* [Directions for this task]
Return the data that follows exactly as it appears. Pictures do not belong in the copy.

* [Information supplied]
Segment Open
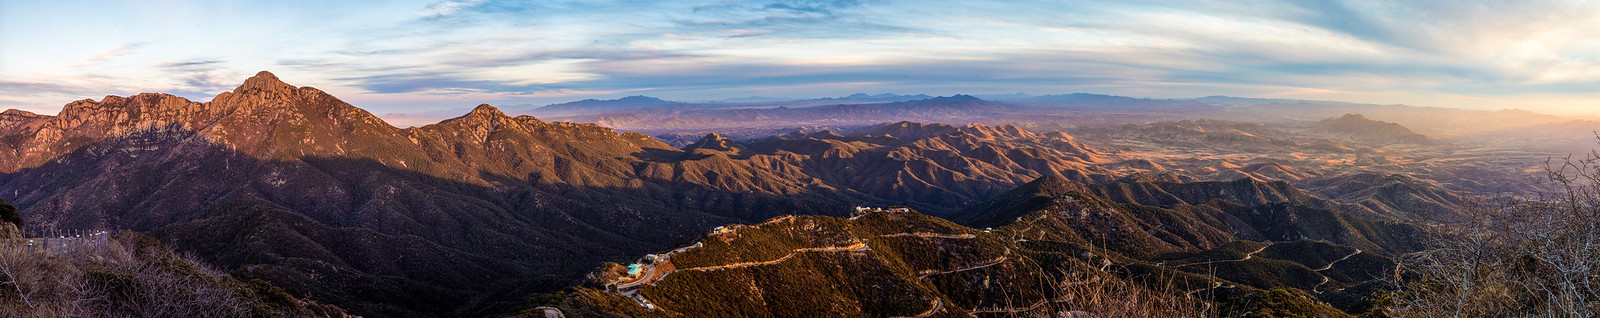 Mt. Wrightson, Sunset
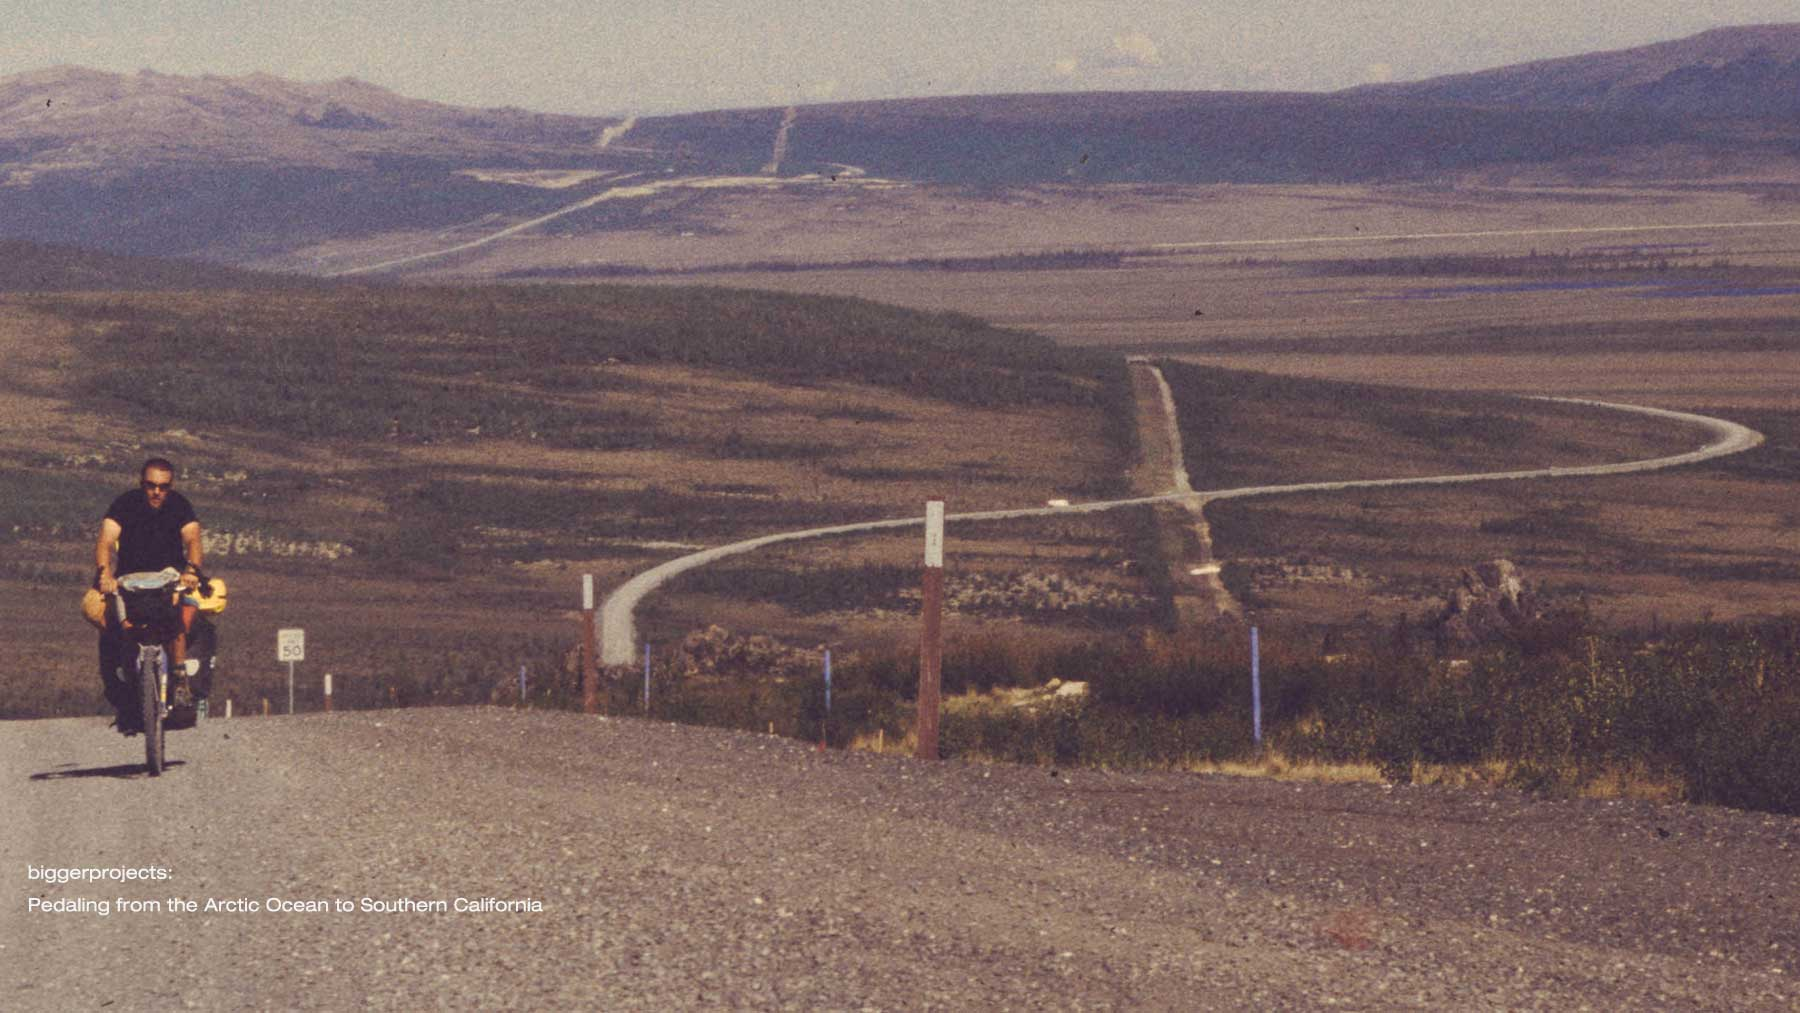 Pedaling from the Arctic Ocean through Alaska, Yukon, BC, Washington, Oregon, and California
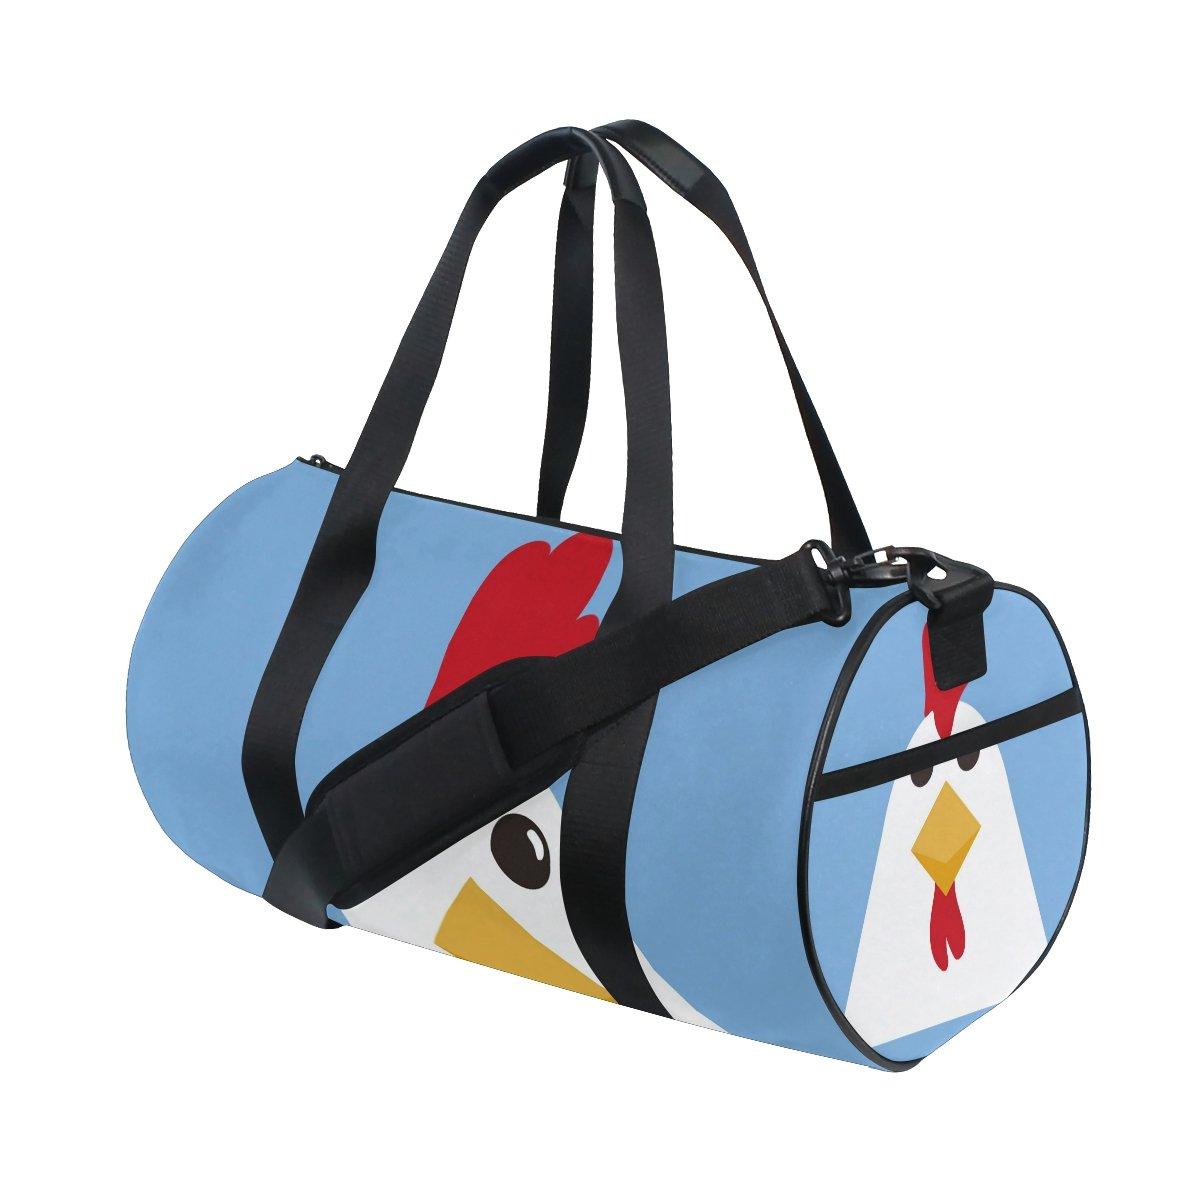 JIUMEI Cute White Chicken Farm Animal Lightweight Canvas Sports Bag Travel Duffel Yoga Gym Bags Shoulder Bag for Women Men Girls Boys
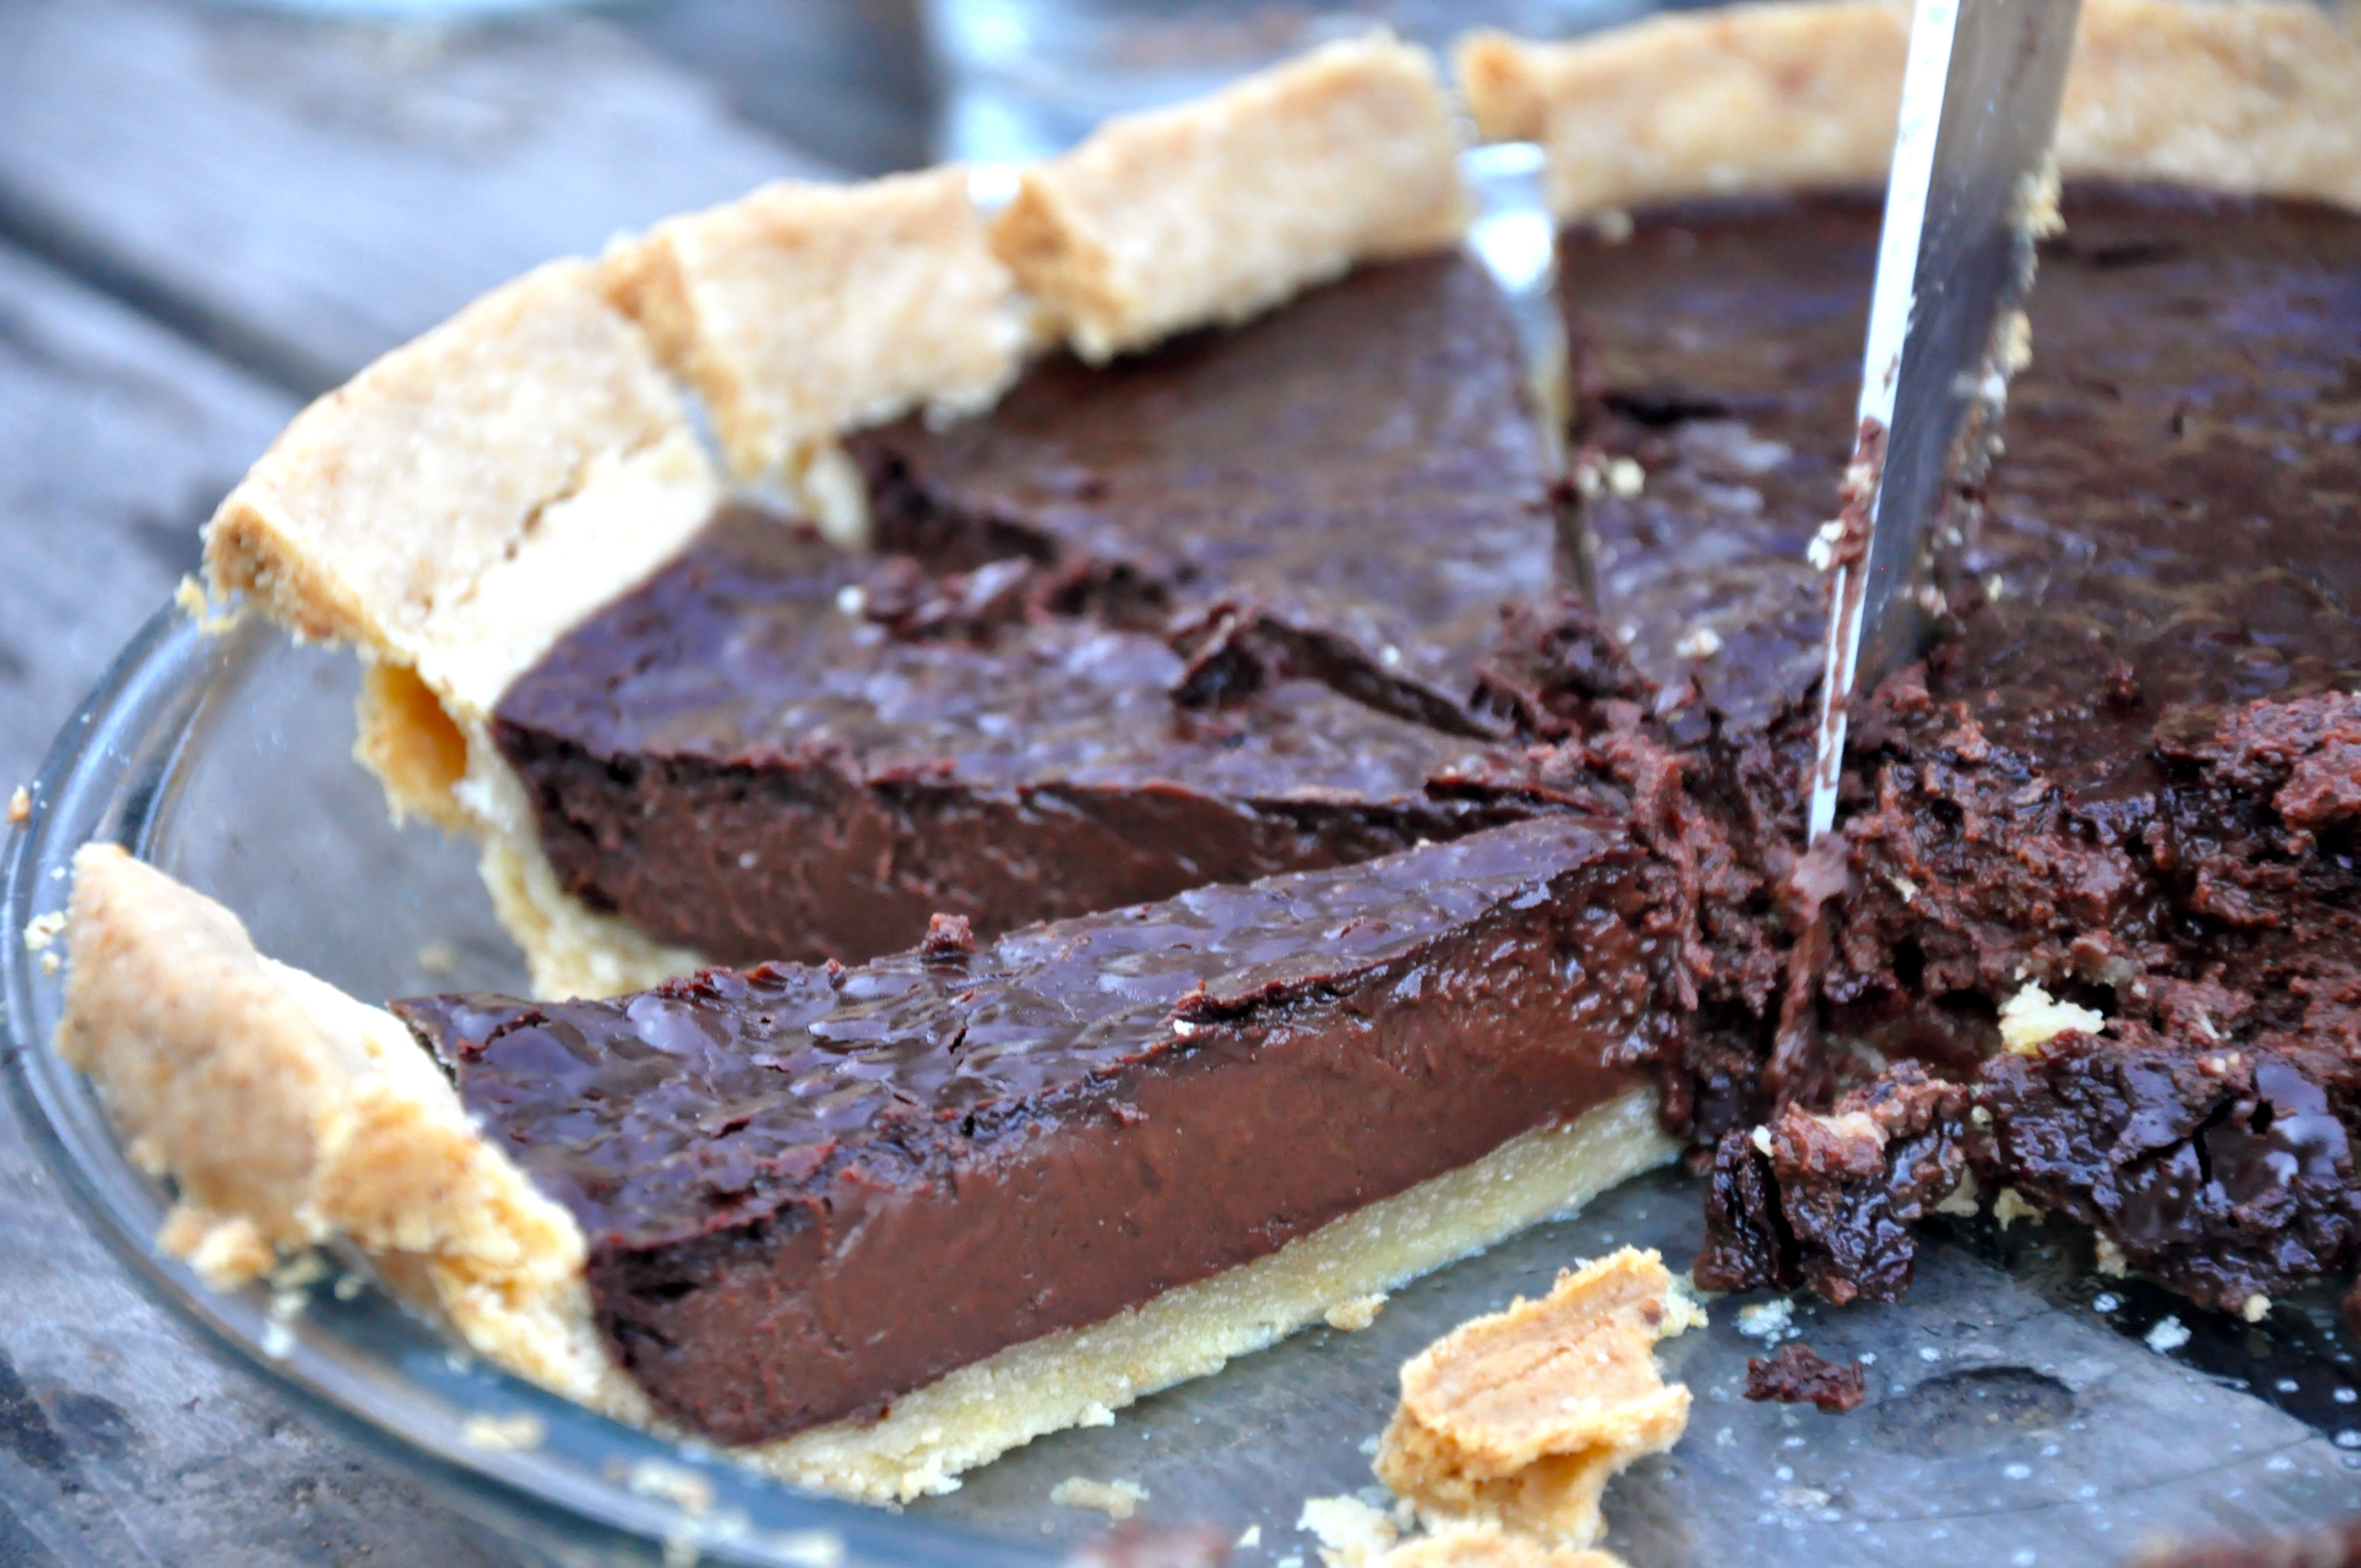 Tarte Au Chocolat: Chocolate Tart | Amy Glaze's Pommes D'Amour
Segment Closed
* [Written solution]
 Mt. Wrightson, Sunset
 Pedaling from the Arctic Ocean through Alaska, Yukon, BC, Washington, Oregon, and California
 JIUMEI Cute White Chicken Farm Animal Lightweight Canvas Sports Bag Travel Duffel Yoga Gym Bags Shoulder Bag for Women Men Girls Boys
 Tarte Au Chocolat: Chocolate Tart | Amy Glaze's Pommes D'Amour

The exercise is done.